*** Entries shown ***

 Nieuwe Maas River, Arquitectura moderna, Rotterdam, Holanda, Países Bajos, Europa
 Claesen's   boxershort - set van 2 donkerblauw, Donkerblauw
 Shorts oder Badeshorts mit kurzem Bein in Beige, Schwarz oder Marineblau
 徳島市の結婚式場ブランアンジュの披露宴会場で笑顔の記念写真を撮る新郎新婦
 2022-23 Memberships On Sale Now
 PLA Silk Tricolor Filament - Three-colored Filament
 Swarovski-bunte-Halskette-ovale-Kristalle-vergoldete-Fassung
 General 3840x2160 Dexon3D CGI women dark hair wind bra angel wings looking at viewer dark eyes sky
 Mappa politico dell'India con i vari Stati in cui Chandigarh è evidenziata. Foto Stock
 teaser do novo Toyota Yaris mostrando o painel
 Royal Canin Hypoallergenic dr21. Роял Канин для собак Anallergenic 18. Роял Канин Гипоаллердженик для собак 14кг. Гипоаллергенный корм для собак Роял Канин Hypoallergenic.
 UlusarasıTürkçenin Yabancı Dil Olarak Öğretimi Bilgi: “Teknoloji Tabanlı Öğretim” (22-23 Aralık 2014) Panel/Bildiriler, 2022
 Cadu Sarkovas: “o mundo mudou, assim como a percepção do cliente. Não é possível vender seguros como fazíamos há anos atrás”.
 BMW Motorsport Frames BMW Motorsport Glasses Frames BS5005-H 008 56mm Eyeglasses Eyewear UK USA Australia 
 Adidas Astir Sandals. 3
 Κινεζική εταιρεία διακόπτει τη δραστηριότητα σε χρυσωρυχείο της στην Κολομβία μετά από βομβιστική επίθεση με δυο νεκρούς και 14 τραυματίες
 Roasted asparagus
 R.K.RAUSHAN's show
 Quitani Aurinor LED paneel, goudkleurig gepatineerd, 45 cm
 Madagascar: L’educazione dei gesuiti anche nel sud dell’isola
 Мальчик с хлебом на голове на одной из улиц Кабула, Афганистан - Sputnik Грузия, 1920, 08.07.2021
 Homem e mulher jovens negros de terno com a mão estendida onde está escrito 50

*** End of Entries shown ***

Your task is to restate, word for word, the line with "Madagascar: L’educazione dei" and all lines after it, ending with the last line of the data.

● Exercise solution
 Madagascar: L’educazione dei gesuiti anche nel sud dell’isola
 Мальчик с хлебом на голове на одной из улиц Кабула, Афганистан - Sputnik Грузия, 1920, 08.07.2021
 Homem e mulher jovens negros de terno com a mão estendida onde está escrito 50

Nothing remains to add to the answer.